◆ MATERIAL PROVIDED
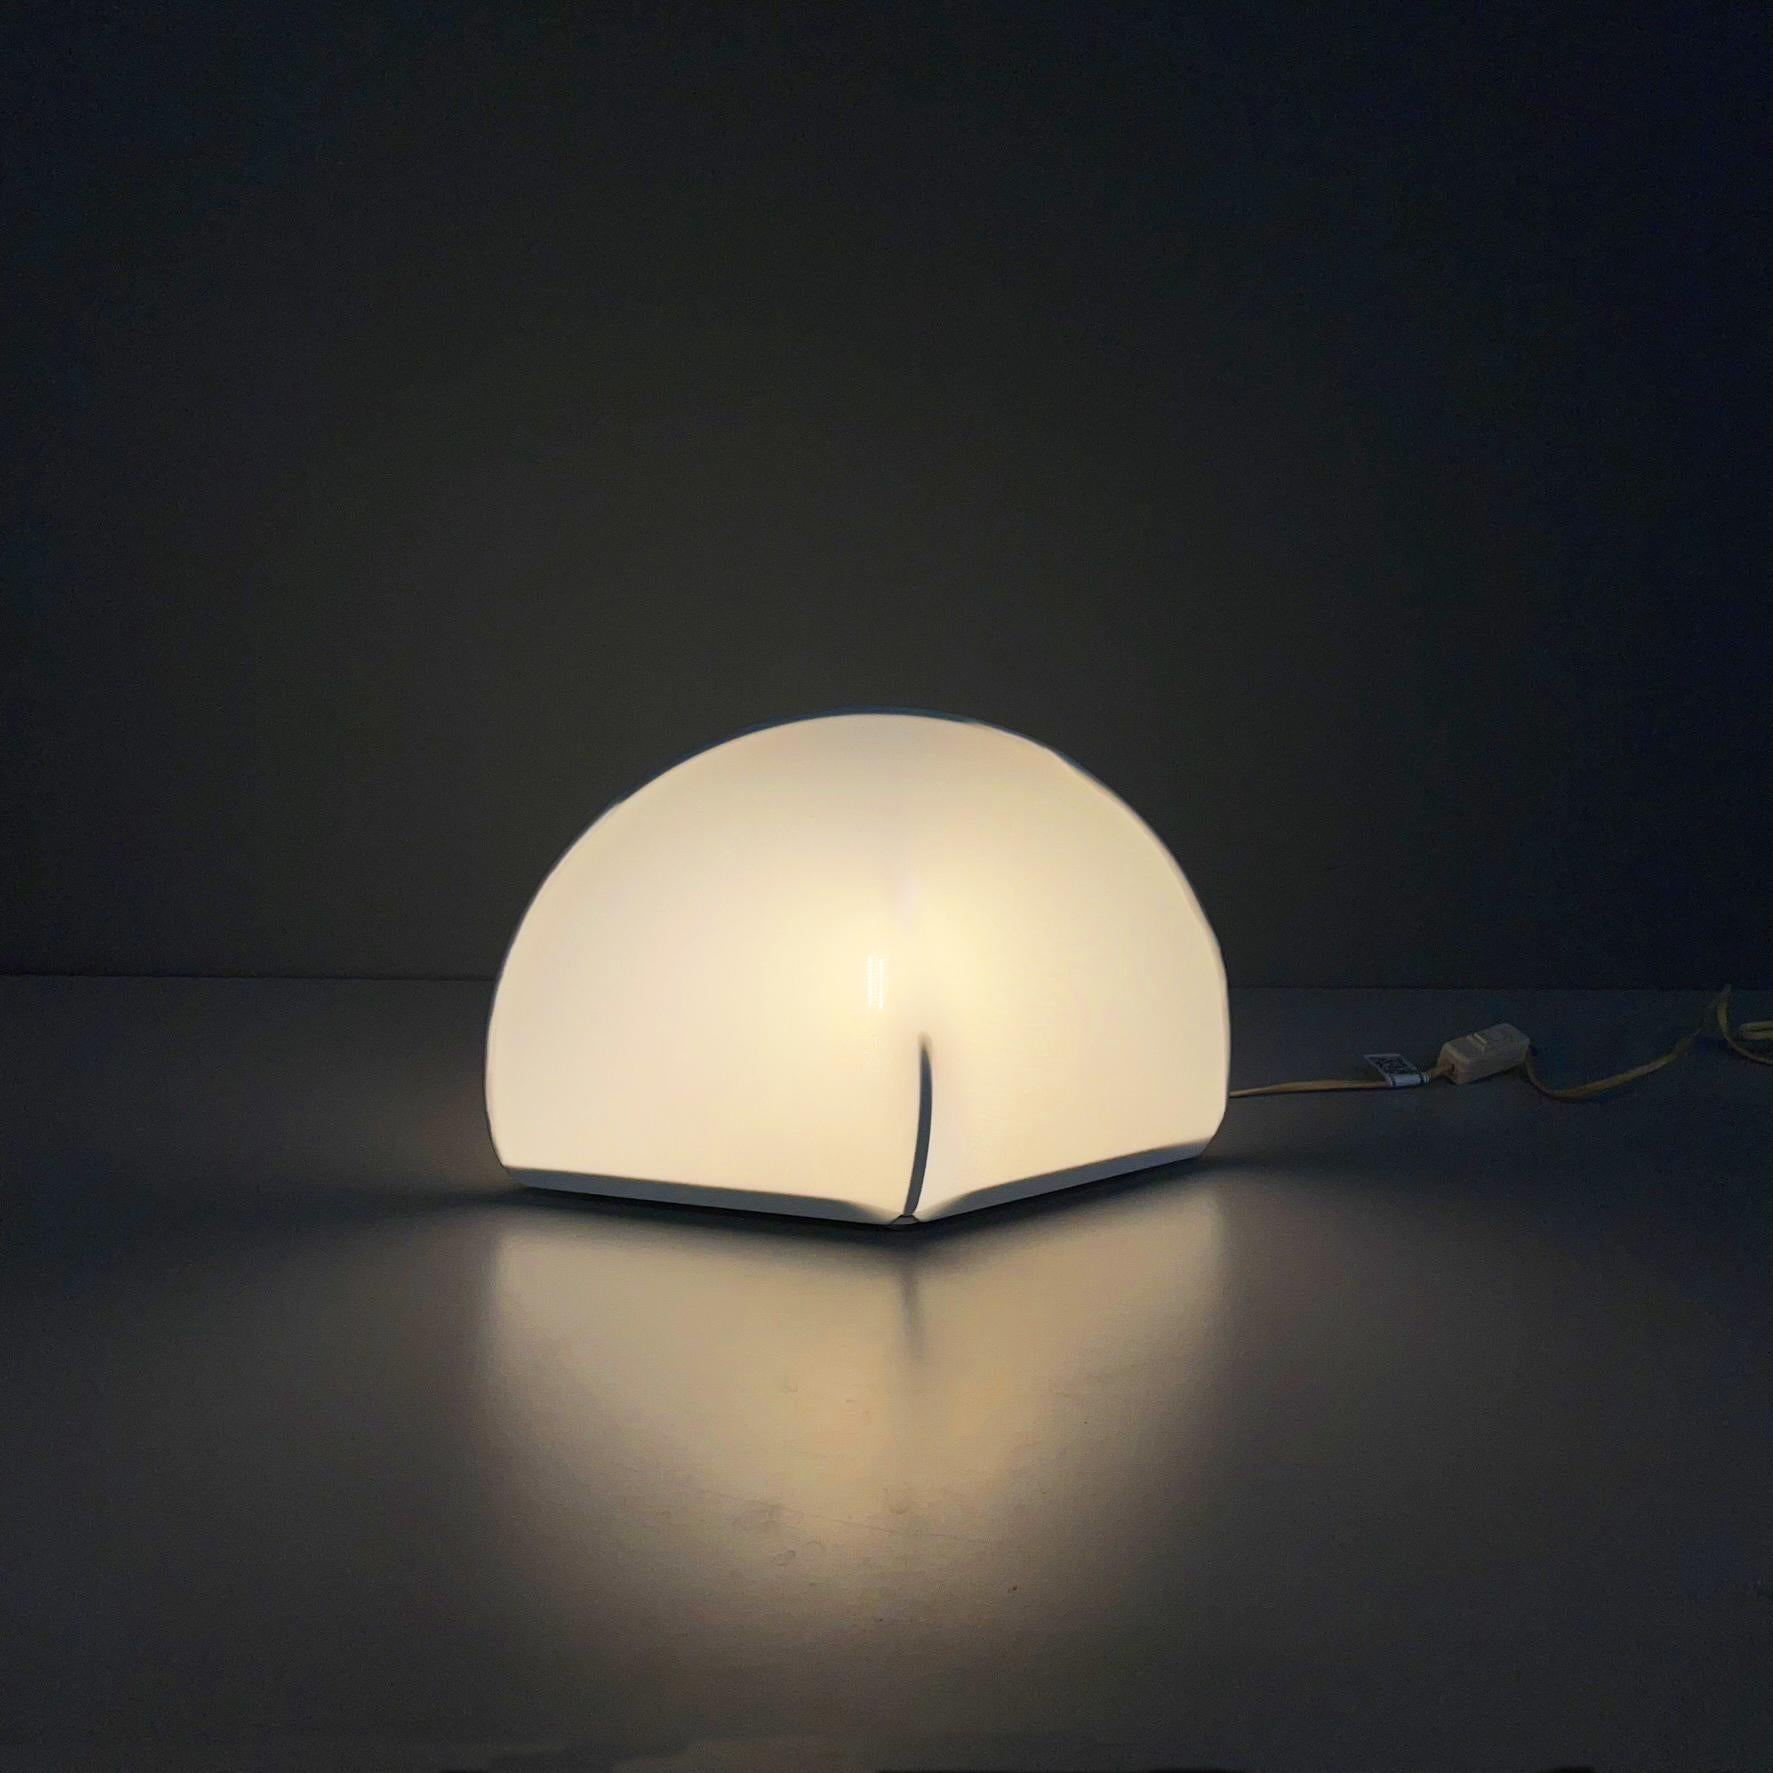 Italian modern Table lamp mod. Kaori 2 by Kazuhide Takahama for Sirrah, 1970s.
Table or bedside lamp mod. Kaori 2 with rhomboidal base in white metal. The structure is composed of a metal arch. The lampshade is made of white stretch jersey fabric,
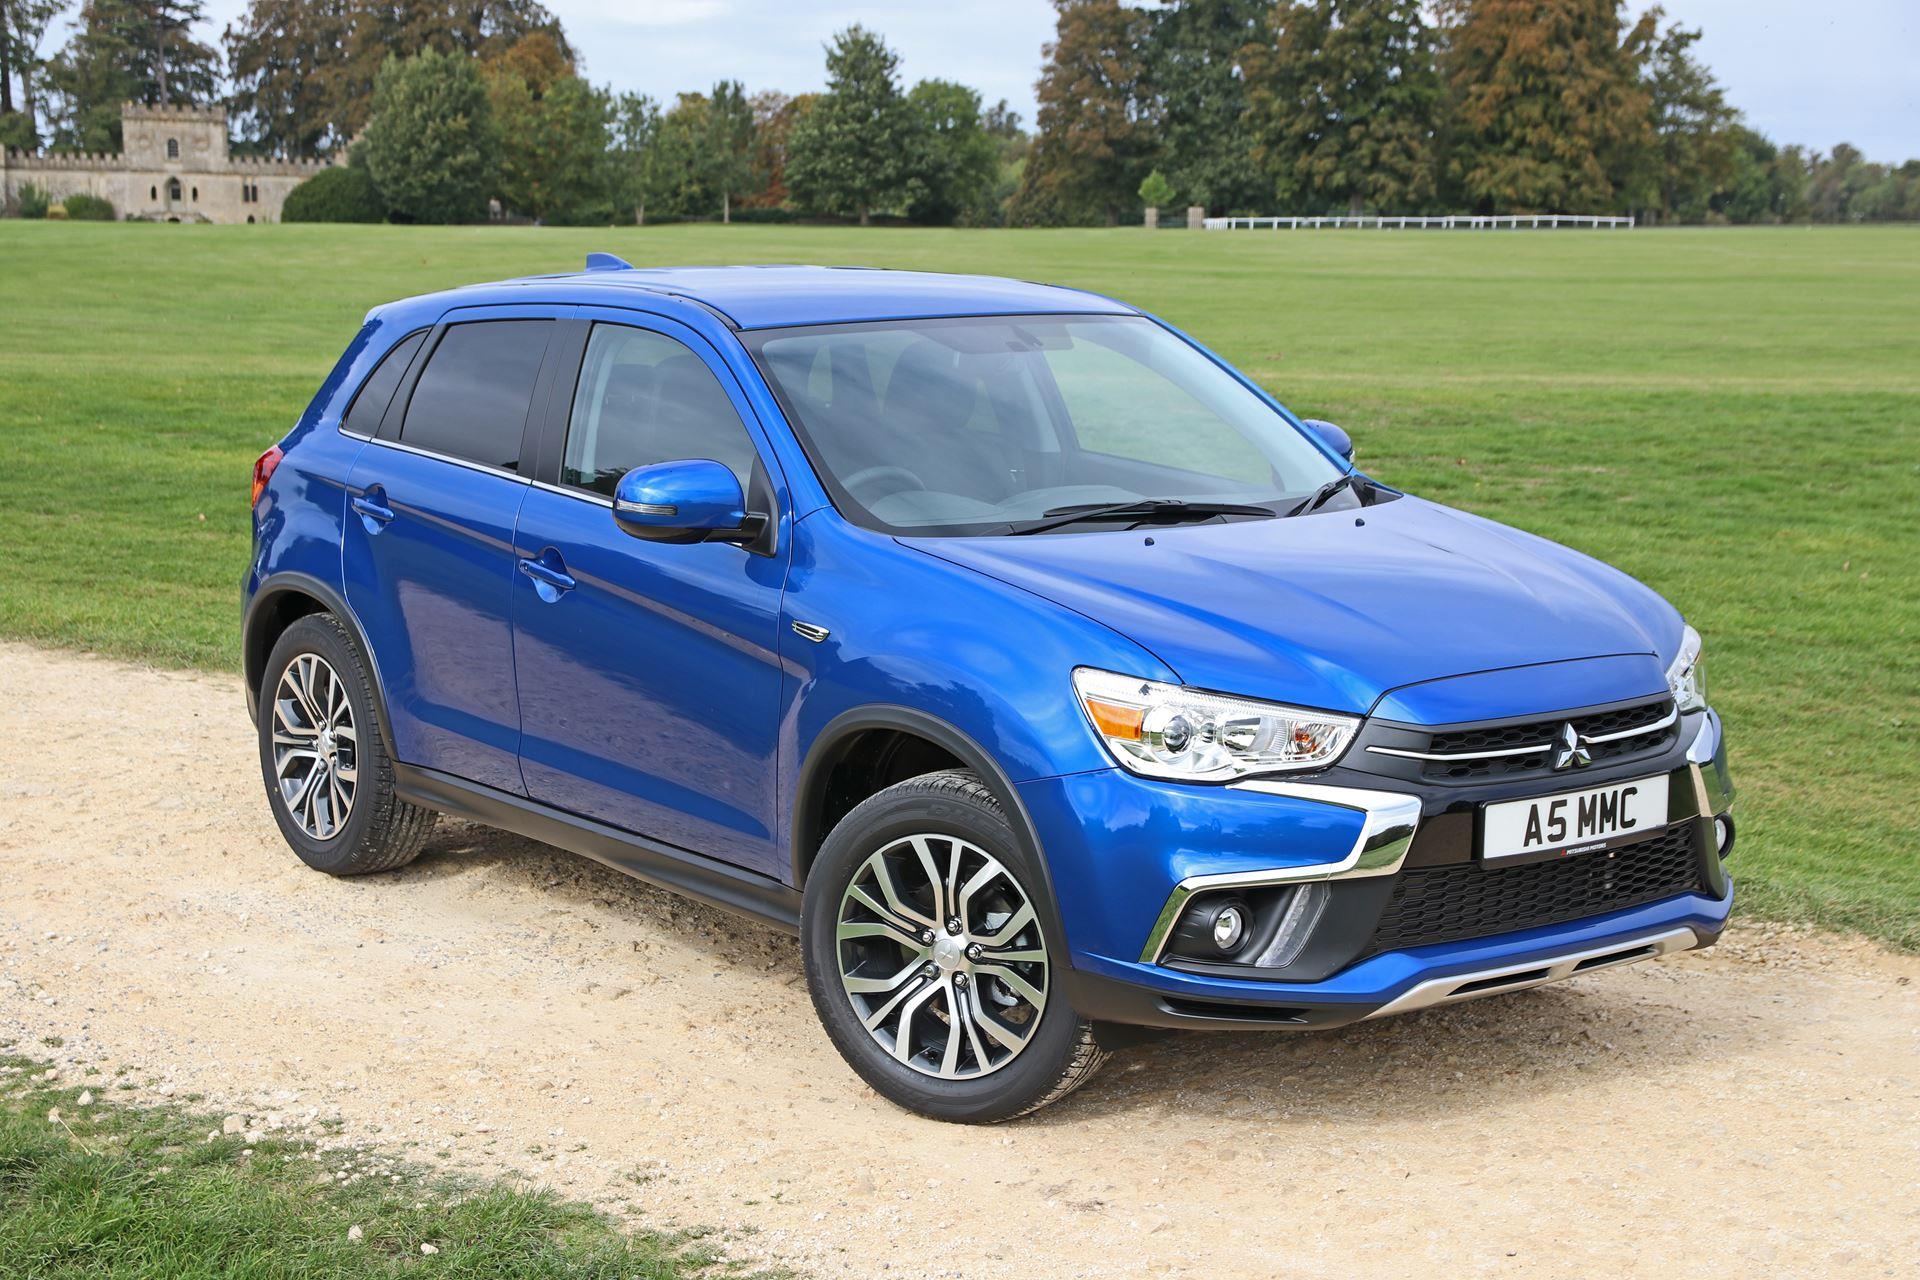 2019 Mitsubishi ASX technical and mechanical specifications
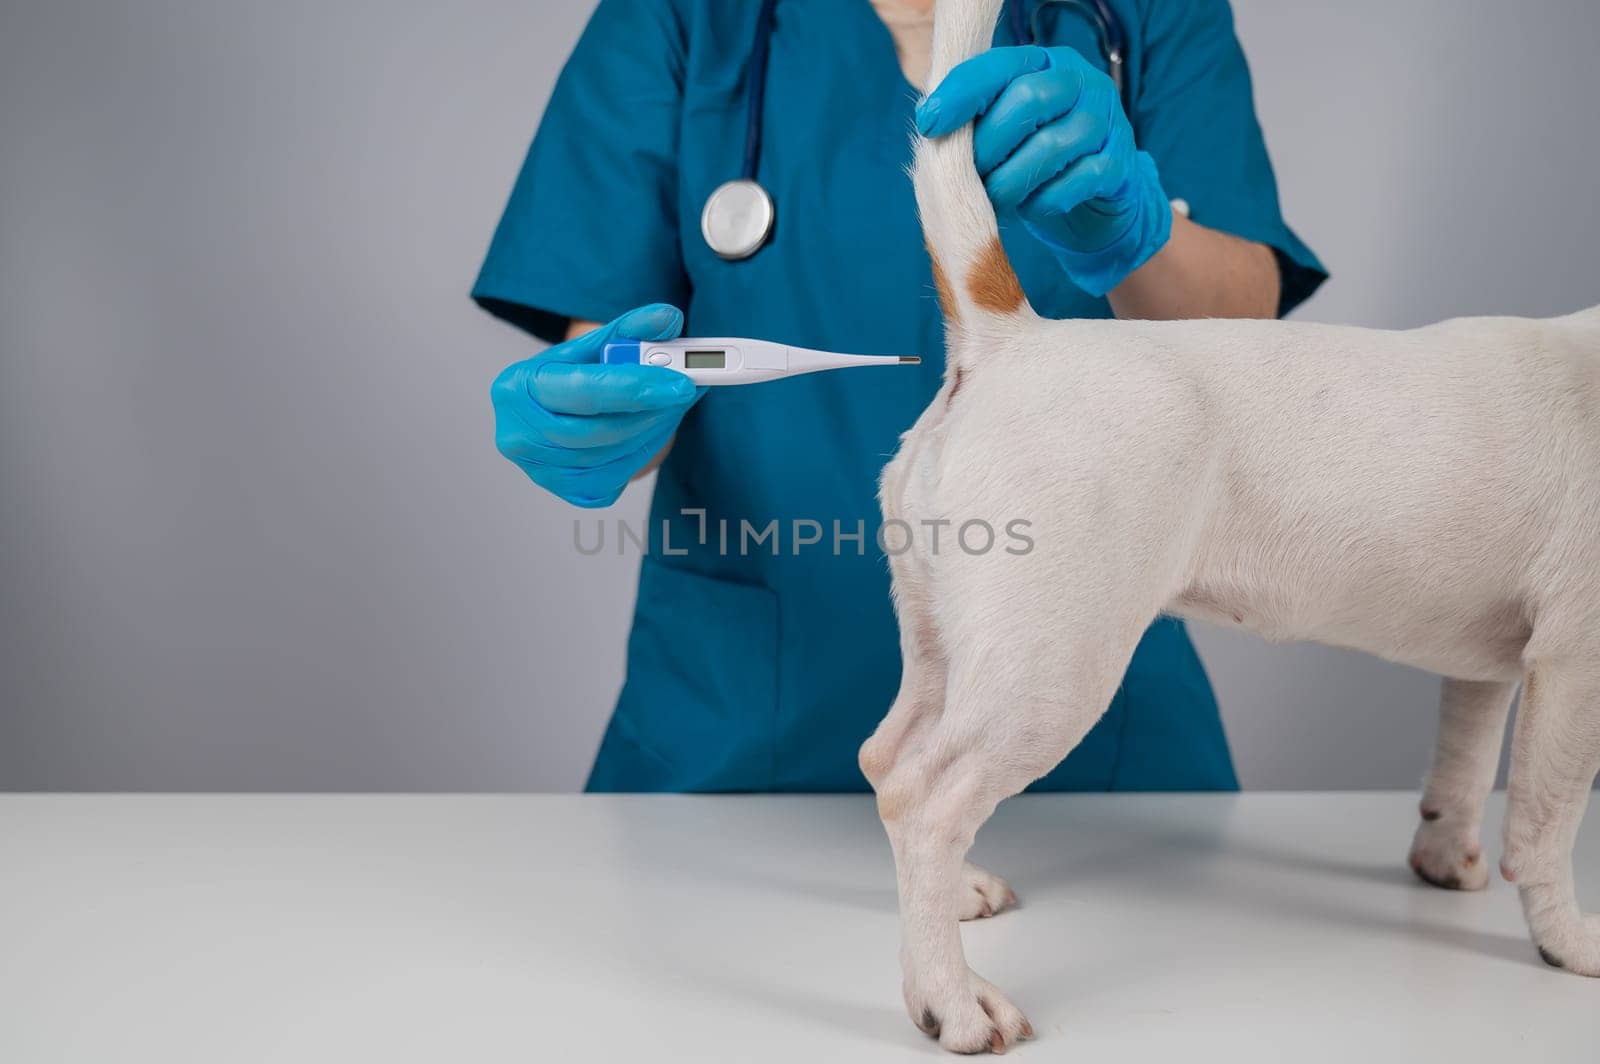 A veterinarian measures a dog's temperature rectally with an electronic thermometer. by mrwed54

◆ WHAT IS REQUIRED
The listing above should be repeated word for word, pictures removed.

◆ RESULT BELOW
 Italian modern Table lamp mod. Kaori 2 by Kazuhide Takahama for Sirrah, 1970s.
Table or bedside lamp mod. Kaori 2 with rhomboidal base in white metal. The structure is composed of a metal arch. The lampshade is made of white stretch jersey fabric,
 2019 Mitsubishi ASX technical and mechanical specifications
 A veterinarian measures a dog's temperature rectally with an electronic thermometer. by mrwed54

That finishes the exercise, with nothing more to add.